Saturday, April 05, 2008

A bumpy ride, but so much more ...

This may not make you feel old, but it certainly is something to ponder: Today would have been Bette Davis' 100th birthday.

For most people of my age, Bette Davis may be not much more than an afterthought, a relic of old Hollywood - you know, when all of the movies were black-and-white, and who wants to watch those? Boring! For me, Bette Davis was at first one of the many chunks of history that took place while I was recovering from my transplant in the last months of 1989. She died in October of the year while I was still laid up at the University of Nebraska Medical Center. (Other major events during that time span: the Bay Area earthquake; the fall of the Berlin Wall and the subsequent collapse of the Eastern Bloc; the invasion of Panama; and, in addition to Davis, the deaths of Ferdinand Marcos, Irving Berlin - at age 101! - Graham Chapman and Secretariat. Also, a certain baseball team made the playoffs. Just saying.) Later, as I matured and began a career as an entertainment journalist, I learned that Davis was more than just a blurb in my personal history. I figured out that she was a star in every sense of the word.

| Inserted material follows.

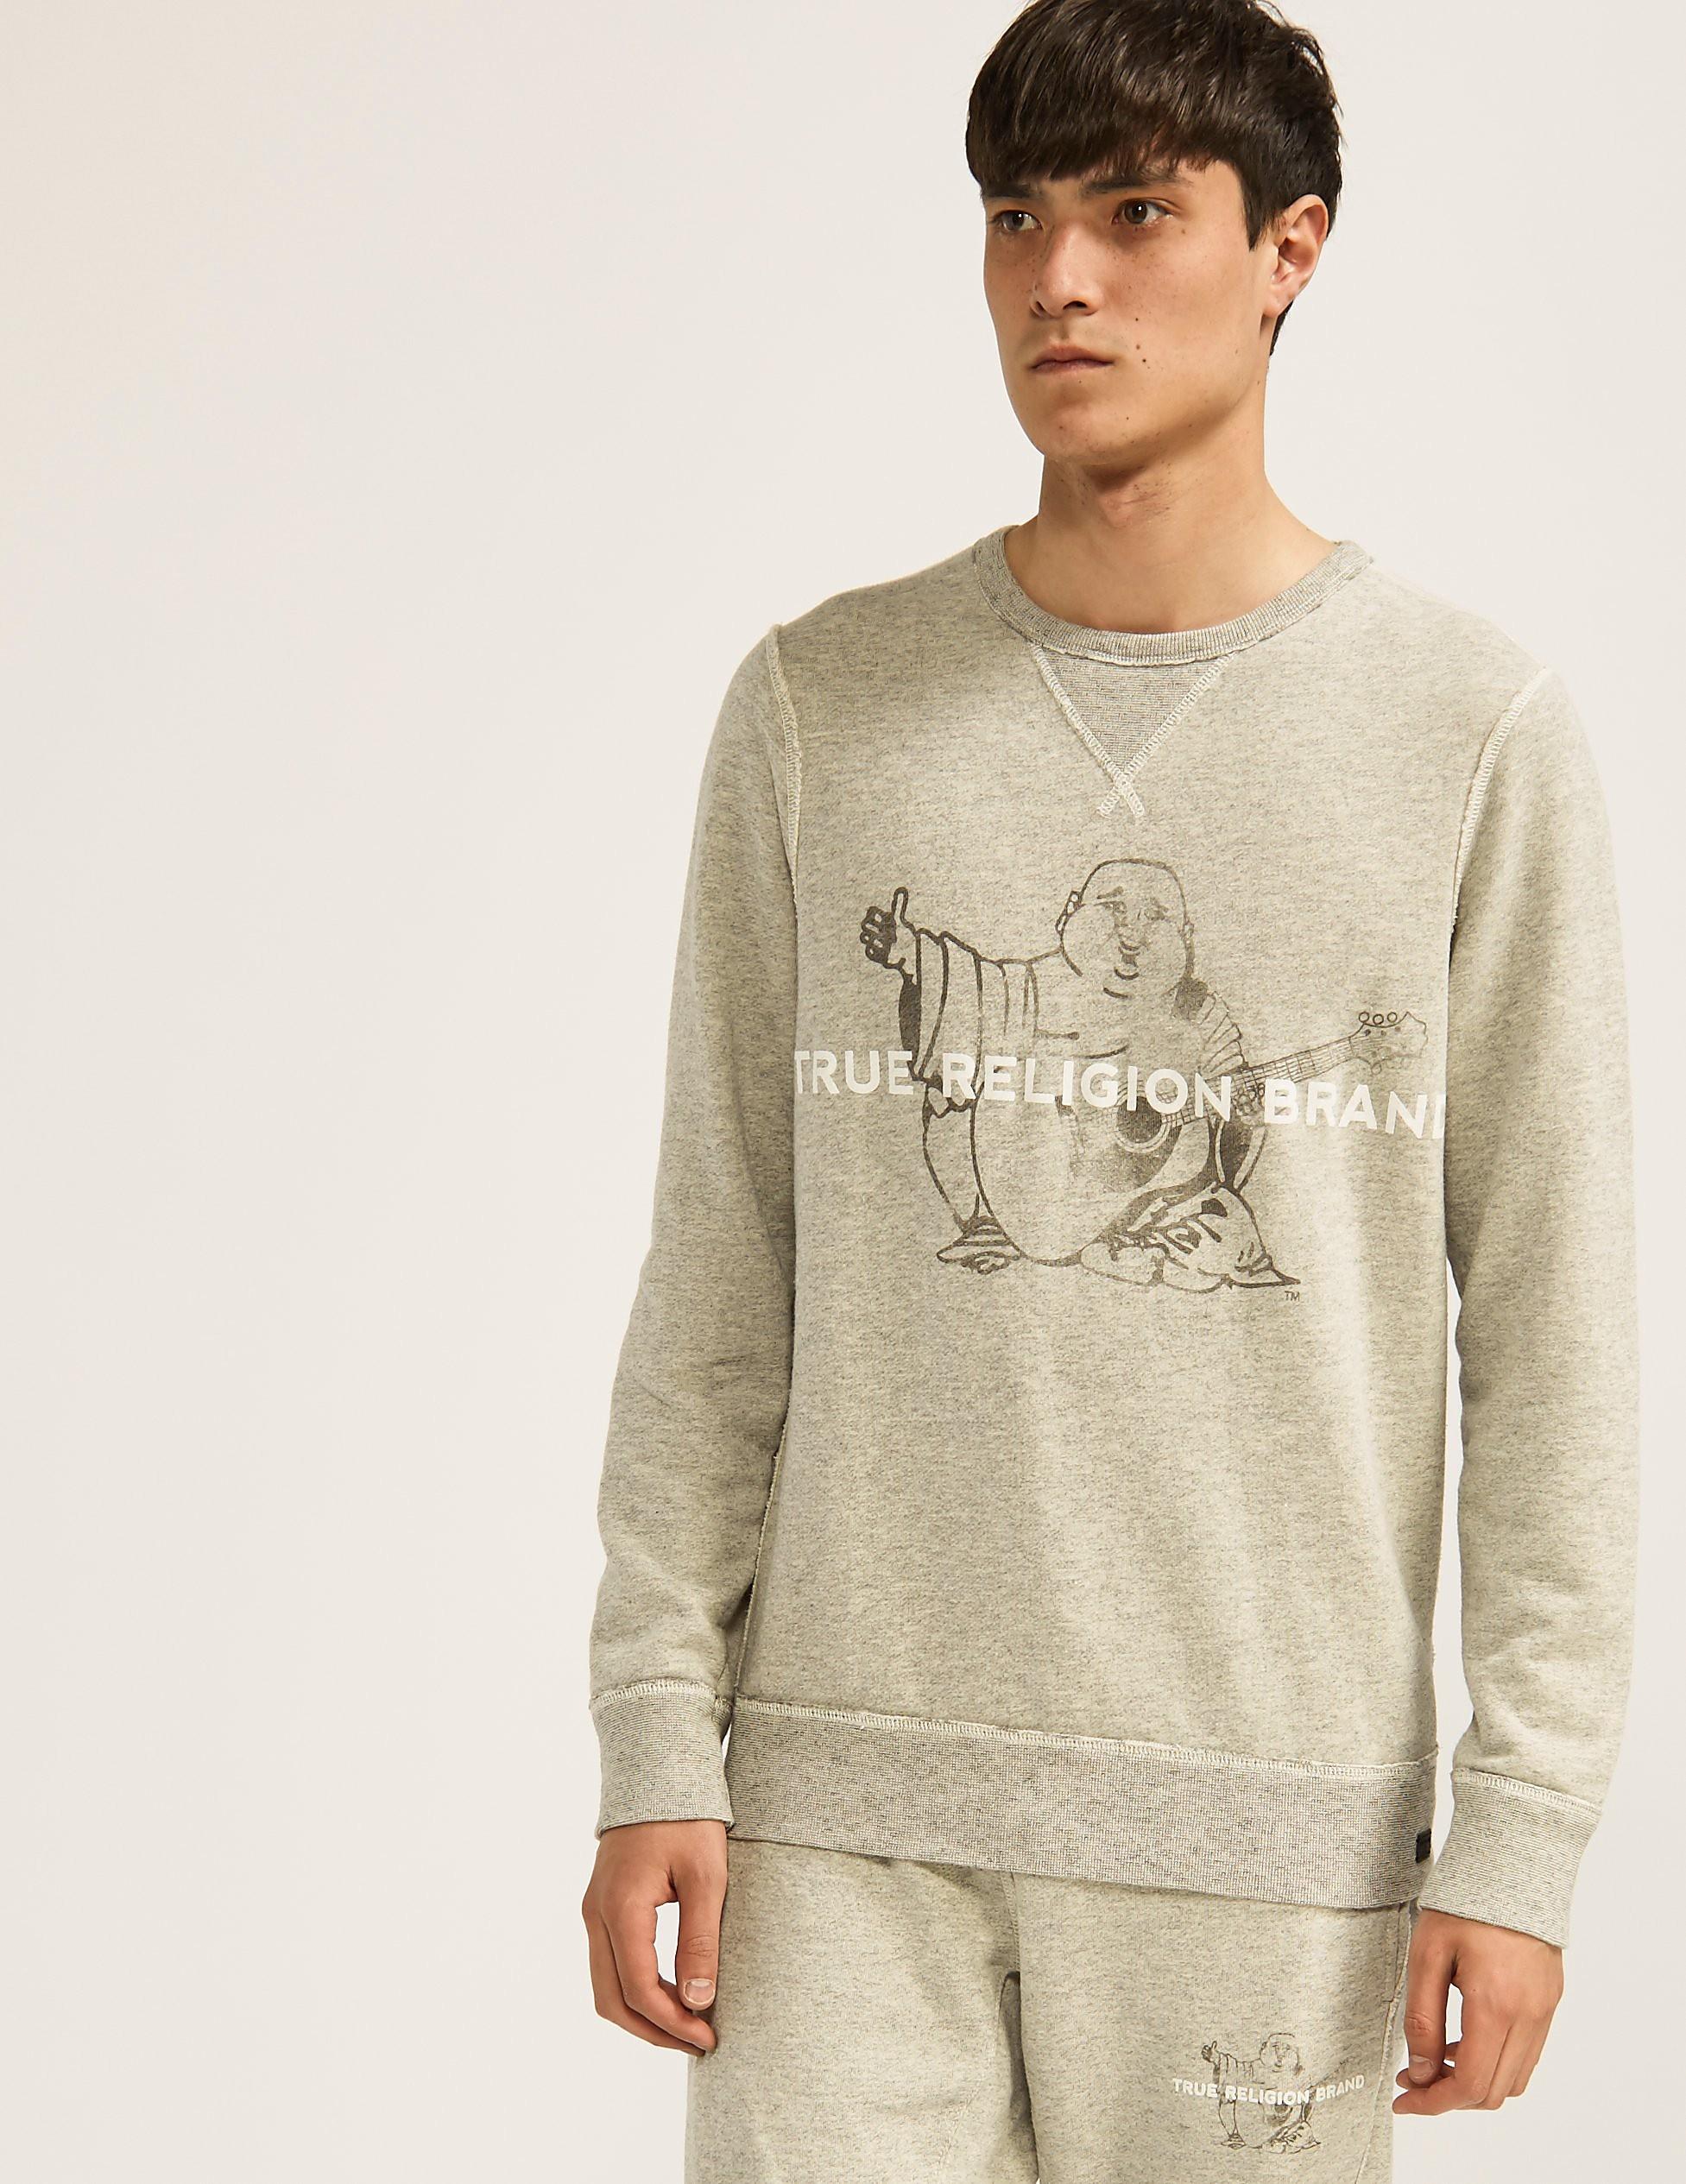 True Religion Buddah Crew Sweatshirt

I don't buy the complaint of those who say that there are no real movie stars anymore - you can't look at the likes of George Clooney or Julia Roberts or even Meryl Streep and tell me that with a straight face - but what is true is that for the most part, the definition of the term "movie star," like most things in life, has definitely evolved. Bette Davis was the essence of what it meant to be a movie star back in the day, but I think she would have fit in just fine had she been in her prime in the 21st century. Frankly, she would have flourished in modern roles such as, say, Erin Brockovich. She would have salivated to recite some of the lines that Roberts had in her Oscar-winning role - indeed, as good as Roberts was as Brockovich, Davis would have blown her out of the water. And it was obvious that Davis would have easily filled out Brockovich's bustier-heavy wardrobe. Davis was a very sexy woman for a fairly long time, but never relied solely on her physical attributes. What's more, what was sexy about Davis wasn't just her curves, but her mind and her attitude, the way she carried herself in parts both good and evil.

Bette Davis once said, as age and disease ravaged her body but not her spirit, that "getting old is not for sissies." But Davis was far from any sissy. She had balls of steel and wasn't above using them, on or off-screen. She took on the studio system in the 1930s, when the system was at its zenith, when she wasn't satisfied with the types of roles Warner Bros. was offering her (i.e. ordering her) to do. She lost the subsequent lawsuit, but set the tone for the rest of her professional and personal life - namely, that she didn't take shit from anybody. She also didn't suffer fools lightly - just ask Joan Crawford (well, you can't ask her anymore, but you know what I mean) and Faye Dunaway, whom she called out repeatedly for being, shall we say, unprofessional. But to others, she was more than generous. During World War II, she co-founded the Hollywood Canteen, a star-studded entertainment rest stop for American soliders going to and from the European and Pacific fronts, and regularly volunteered her time there to provide comfort to the servicemen (in more ways than one, if some of the rumors are to be believe - but, hey, in times of war ... ) And, in 1980, when Kim Carnes scored a huge hit with her pop single "Bette Davis Eyes," the subject of the song was so flattered that she sent personal thank-you notes to Carnes and the song's writers for making her cool in the eyes of her grandson and making her a part of "modern times". But then again, almost everything about Bette Davis was part of modern times, if not in front of them altogether.

So while there are still most definitely movie stars in the classic sense of the world, that doesn't mean that we couldn't use the likes of Bette Davis today to remind us of what glamour was and can be again. And if you still don't buy my argument, then I have three words for you: All About Eve. If you only watch one Bette Davis movie in your lifetime, watch than one. Twice. You'll thank me for it.